Traditionnellement la philosophie se construit à partir d’une analyse de ce qui est, devenant alors une doublure pâle et dévitalisée de la civilisation. Avec la raison philosophique l’ordre est maintenu indéfiniment. Fourier, dans sa tentative pour penser un monde radicalement autre, invente une nouvelle démarche. La raison ne peut plus prévoir ce qui va être en constatant ce qui est et en s’y enfermant. Il ne peut donc être question de créer de nouvelles institutions (ce fut selon Fourier l’erreur tragique de 1793) car on ne parviendrait pas à rompre le cercle infernal du pouvoir caractéristique de la civilisation qui se régénère périodiquement dans la barbarie. La civilisation s’affronte de façon attendue avec sa propre origine. Elle se définit par son opposition à une violence barbare initiale, mais cette opposition produit « l’absence de discorde » comme « un bien négatif » [1]. La Révolution, en créant des institutions et des lois, est restée inscrite dans la logique du pouvoir dont elle cherchait pourtant à se dégager.

Le problème de Fourier est de parvenir à penser les conditions de l’écoulement incessant dans un perpétuel éveil du désir. La civilisation dans sa confrontation avec la barbarie est donc considérée comme une étape transitoire.
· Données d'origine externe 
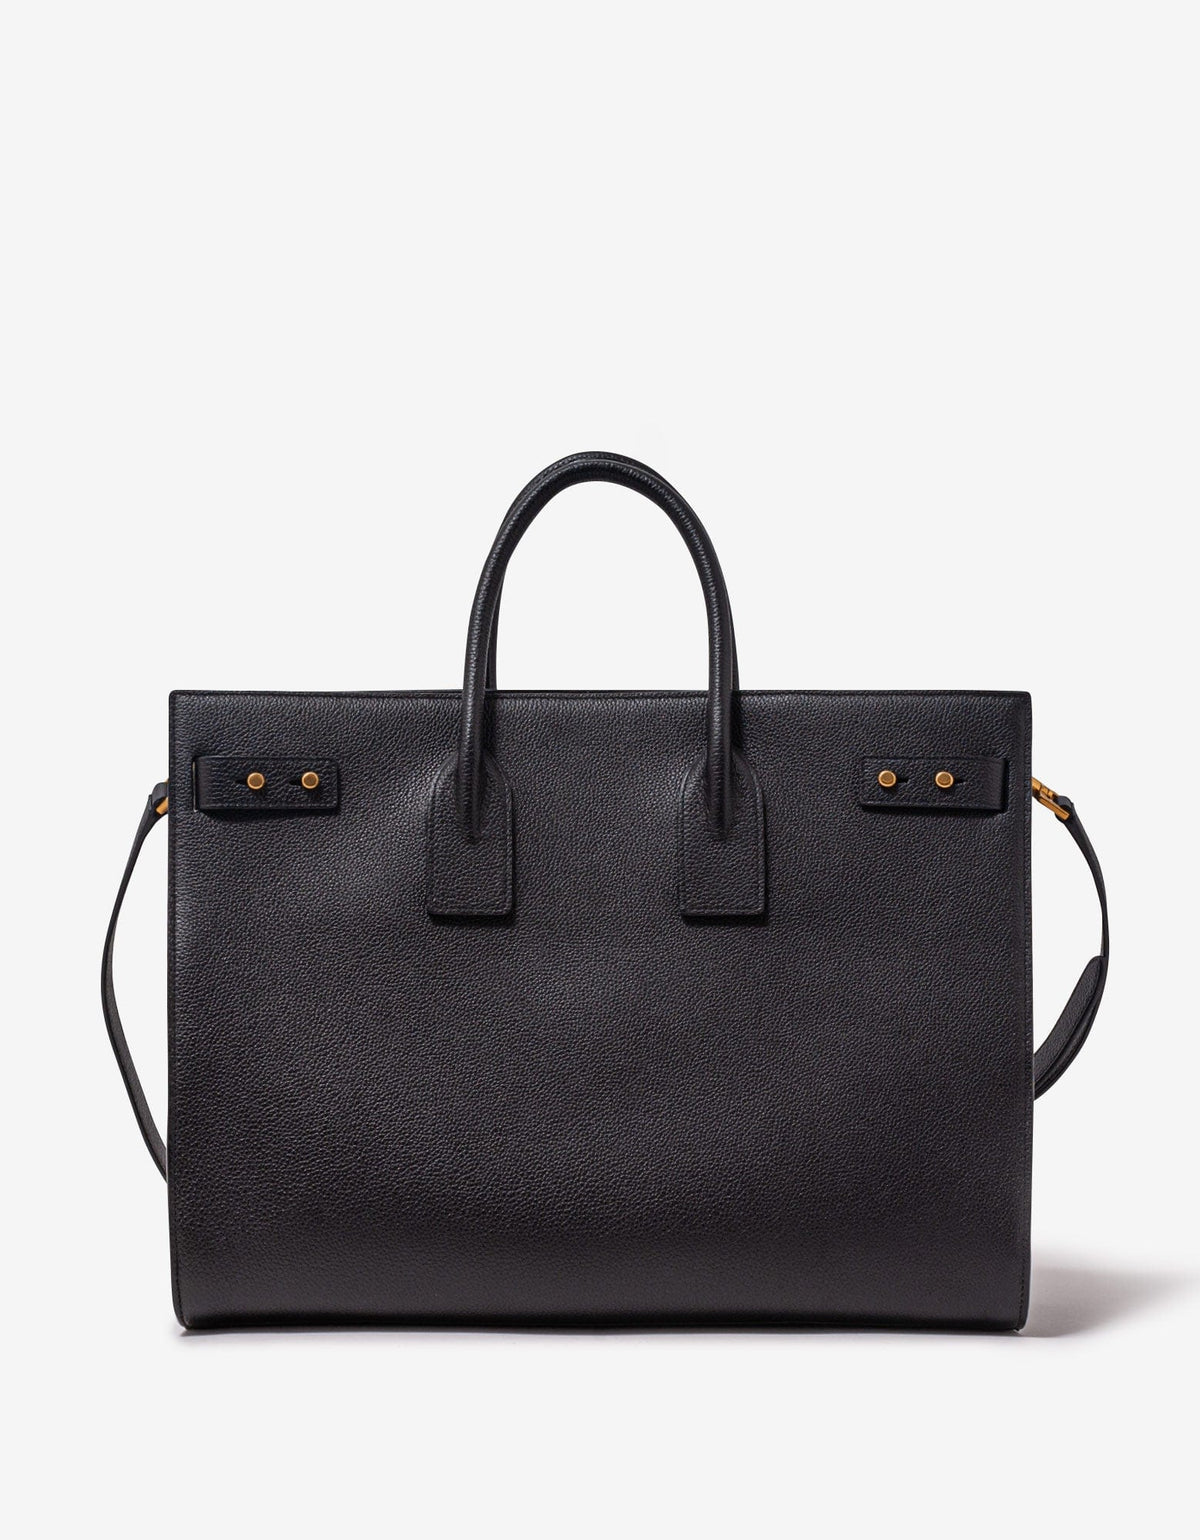 Saint Laurent Black Leather Thin Large Bag
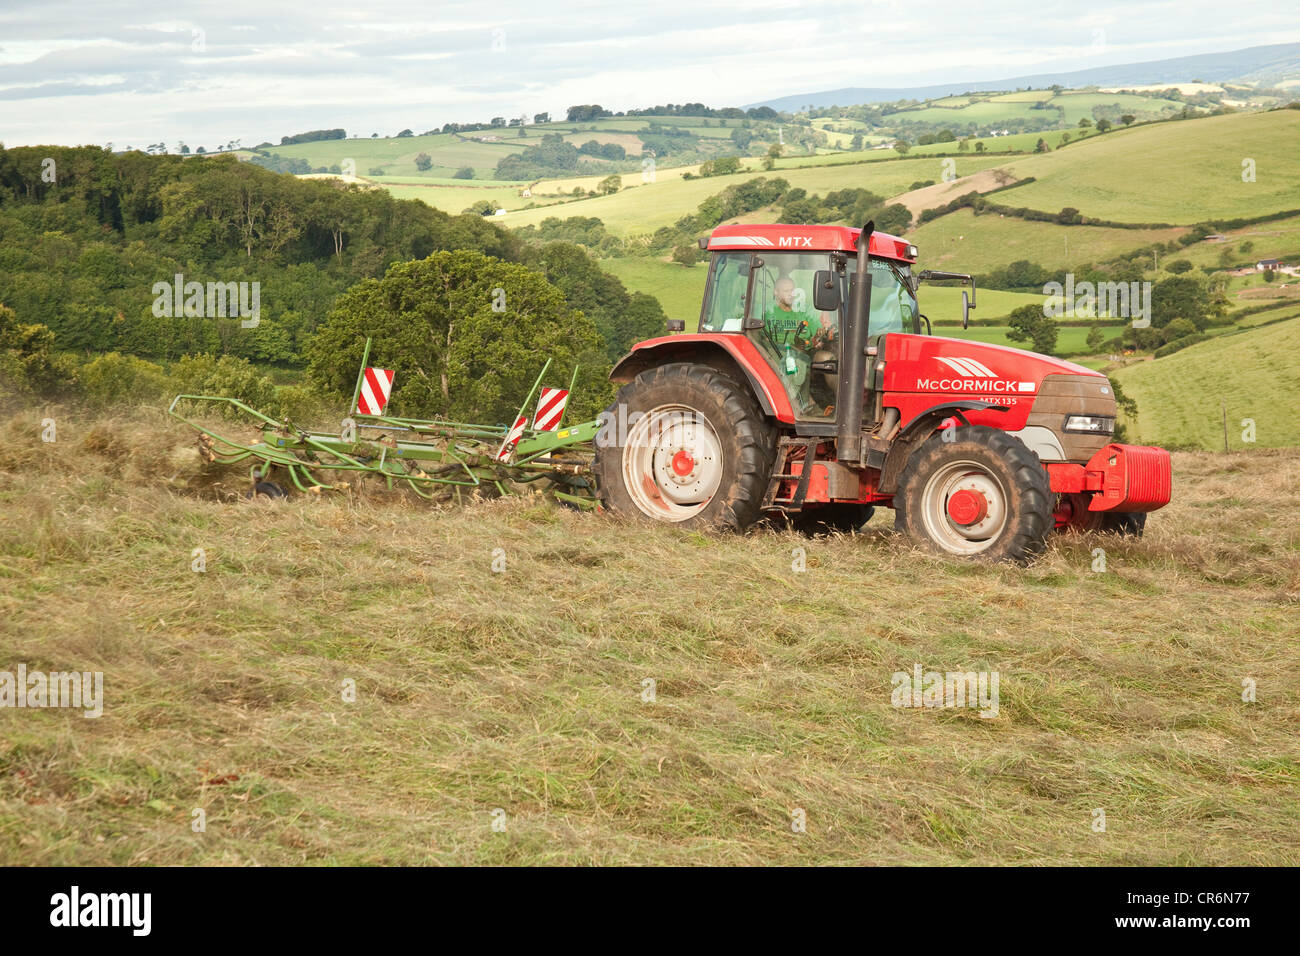 Fermier dans un tracteur le foin, South Hams hills, TOTNES, Devon, Angleterre, Royaume-Uni. Banque D'Images

L’« écart absolu » échappera aux illusions d’une logique frontale d’opposition, il contournera l’obstacle afin de permettre l’invention « comme si les maîtres et leurs lois devaient tomber d’eux-mêmes face à la mise en mouvement des passions » [2]. Il ne s’agit plus d’organiser en institutionnalisant mais de trouver les conditions d’une désorganisation laissant place non au chaos mais à l’infinie richesse de l’imprévu. La discorde n’est plus empêchée par l’instauration de mornes institutions ; Fourier dégage, grâce au système des séries, les conditions de possibilité de fructueuses et permanentes confrontations.

Cette pensée du politique s’accompagne nécessairement d’une réflexion sur le langage et sur une remise en question de la raison par elle-même. Comment parler et raisonner sans figer le mouvement du devenir ? La raison confrontée à ses propres limites, n’a plus pour mission de plier la réalité à ses prévisions. Ici la démarche de Fourier se distingue radicalement de celle de Platon dans la République et plus généralement, de l’ensemble des projets utopiques. Il n’est plus question de philosophes-rois promulguant par la lumière de leur raison une loi définitive et de gardiens ramenant tout débordement du présent à un passé originaire ; il ne s’agit plus de remplir le futur mais de vider le présent de ce qui l’encombre pour faire surgir l’avenir. Fourier tente de mettre en place les conditions d’un mouvement permanent et comme le montre Louis Ucciani, l’amour, dépassant le cadre des affaires privées, permet l’épanouissement du corps social et « accentue la multiplication harmonique » [3].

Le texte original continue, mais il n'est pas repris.